### Task:
Reproduce exactly the first line of the material below and every line after it, ending with the line that contains "Great Day to be a Indian T-Shirt - T-Shirts". No pictures should be copied.

### Data shown:
[Start of Attachment]
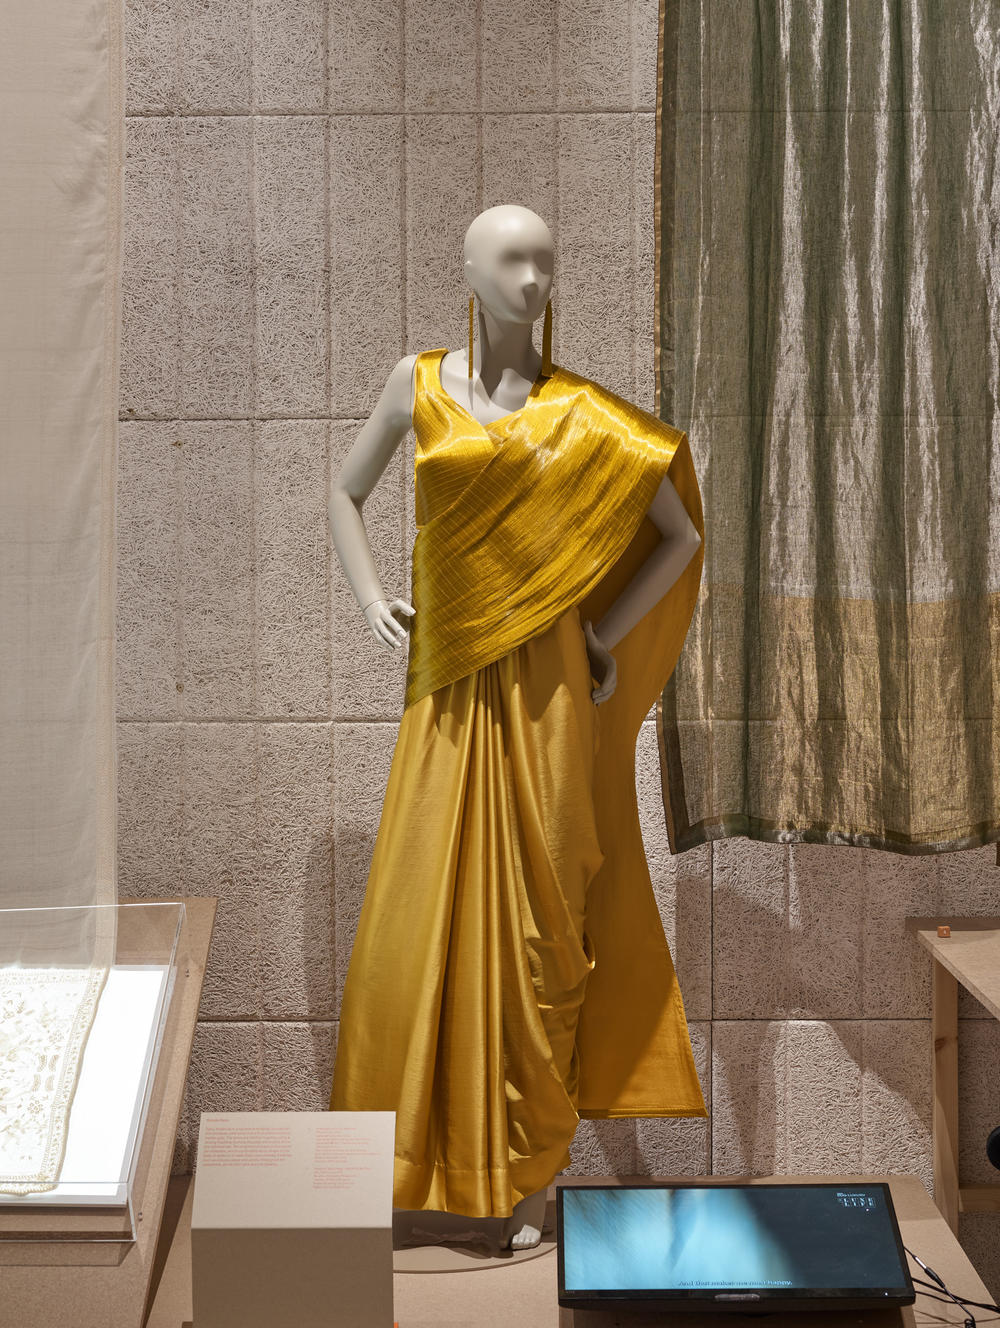 This sari is made of fine gold plated steel fibers. It's become popular among brides.
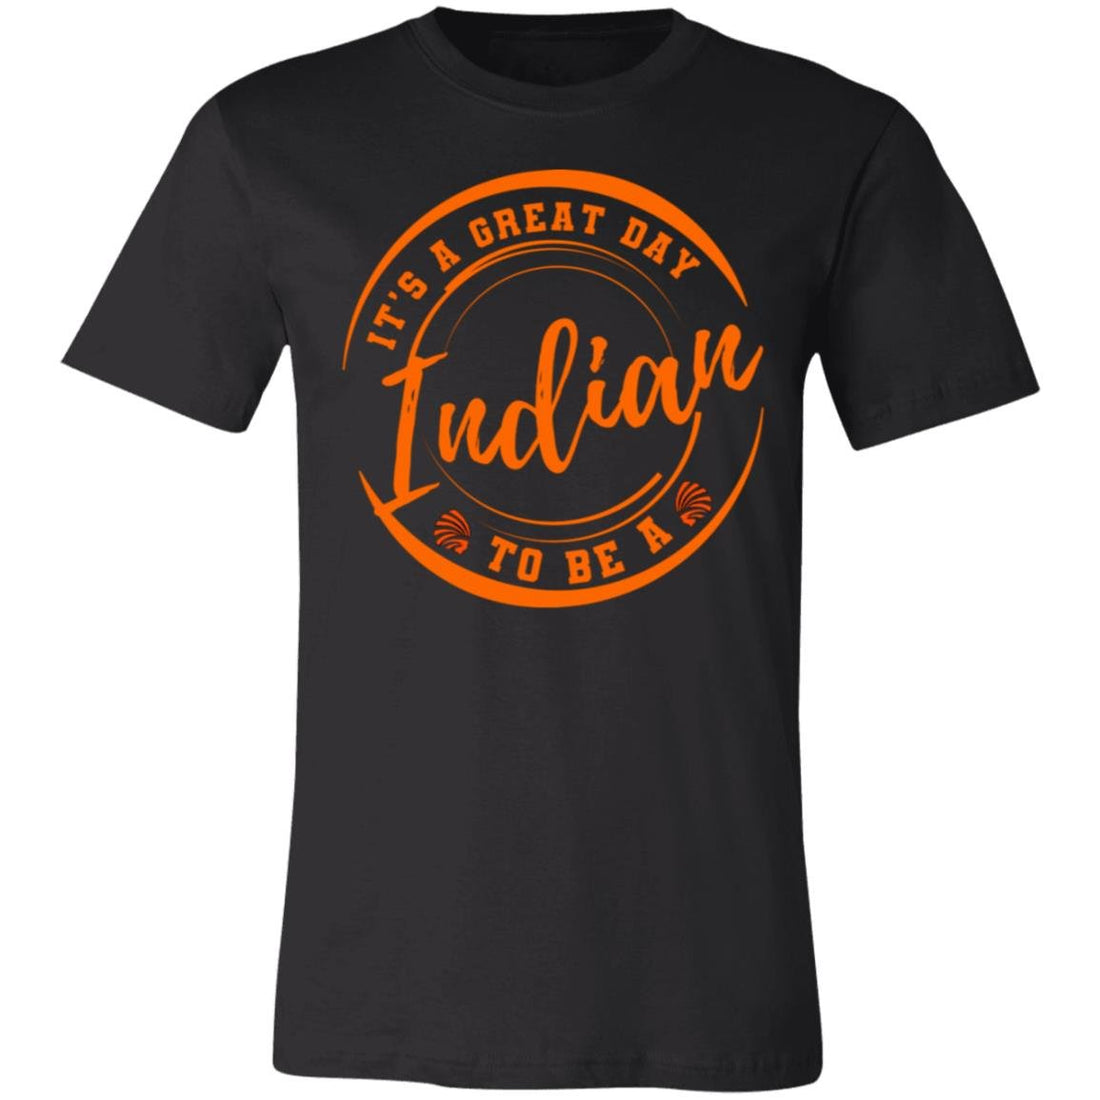 Great Day to be a Indian T-Shirt - T-Shirts - Positively Sassy - Great Day to be a Indian T-Shirt
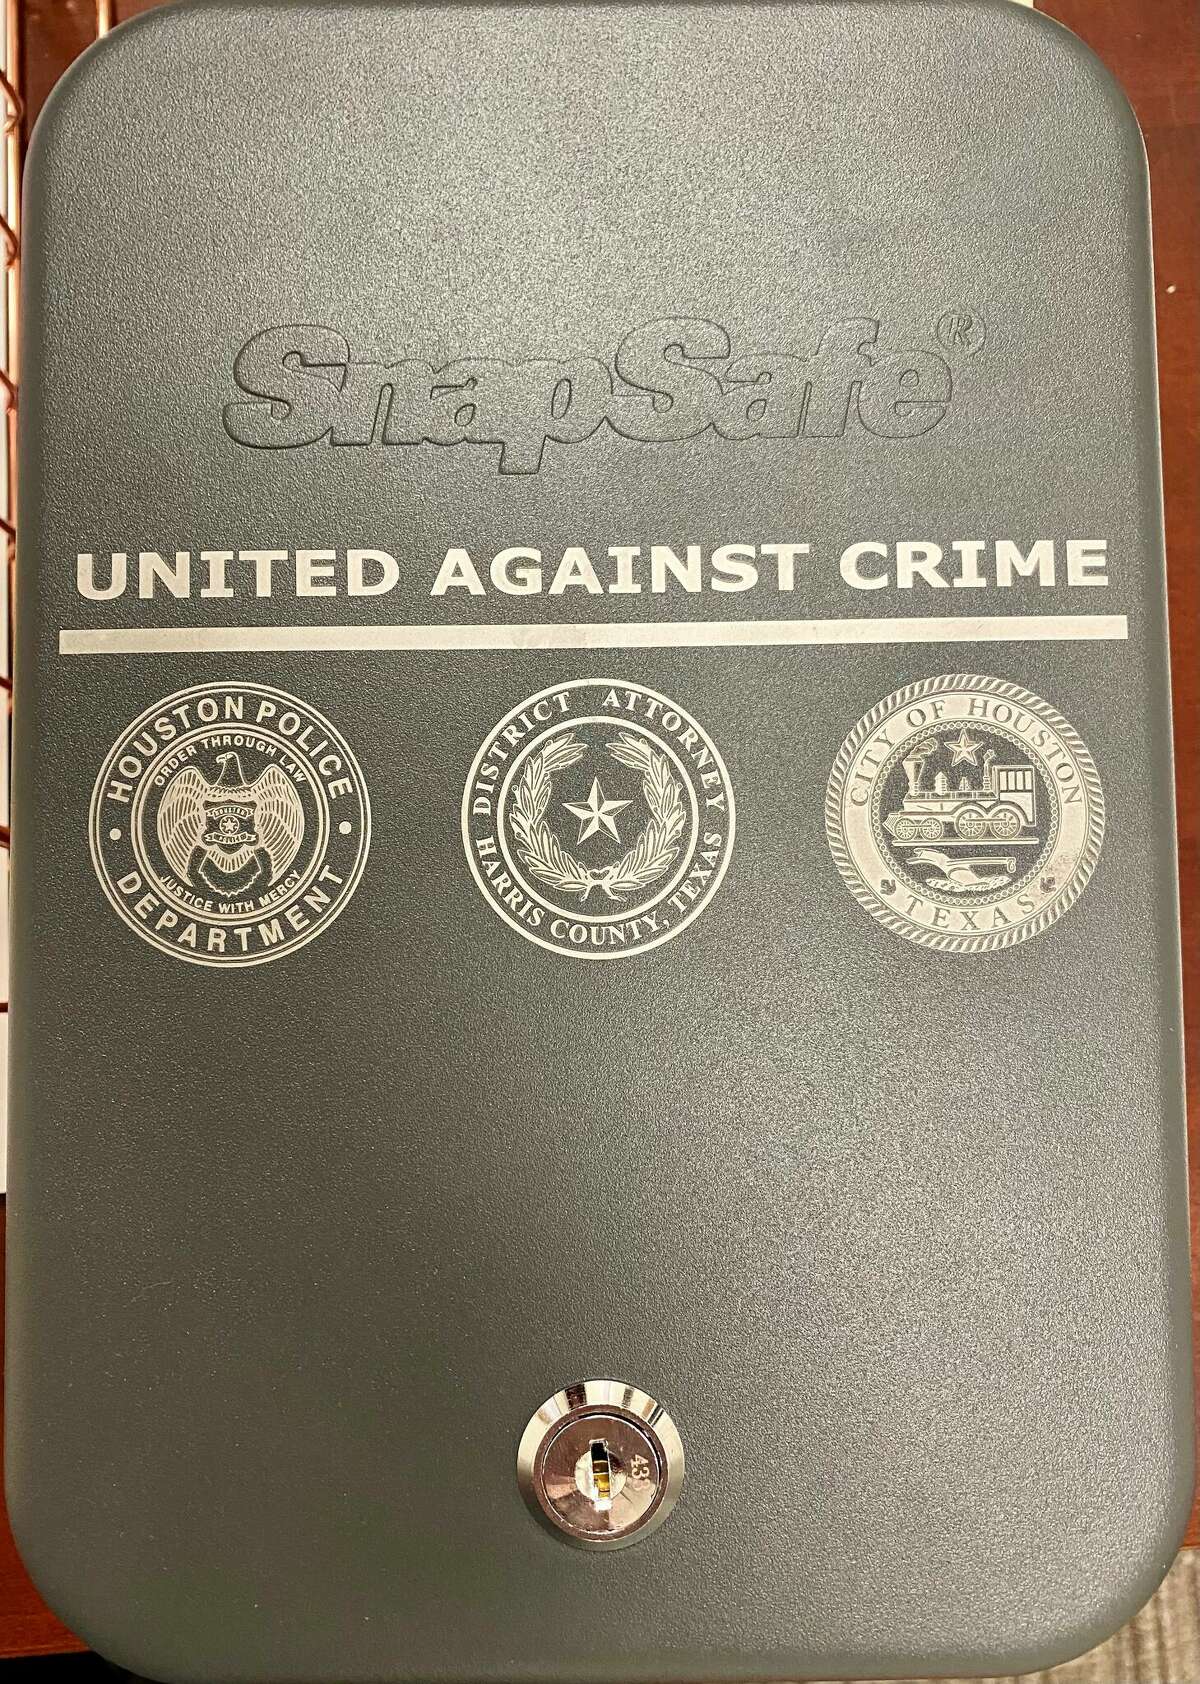 Houston made 1,000 gun safes available on a first-come, first-served basis as a part of the city's recently announced safety campaign.
[End of Attachment]
### Exercise output:
 This sari is made of fine gold plated steel fibers. It's become popular among brides.
 Great Day to be a Indian T-Shirt - T-Shirts - Positively Sassy - Great Day to be a Indian T-Shirt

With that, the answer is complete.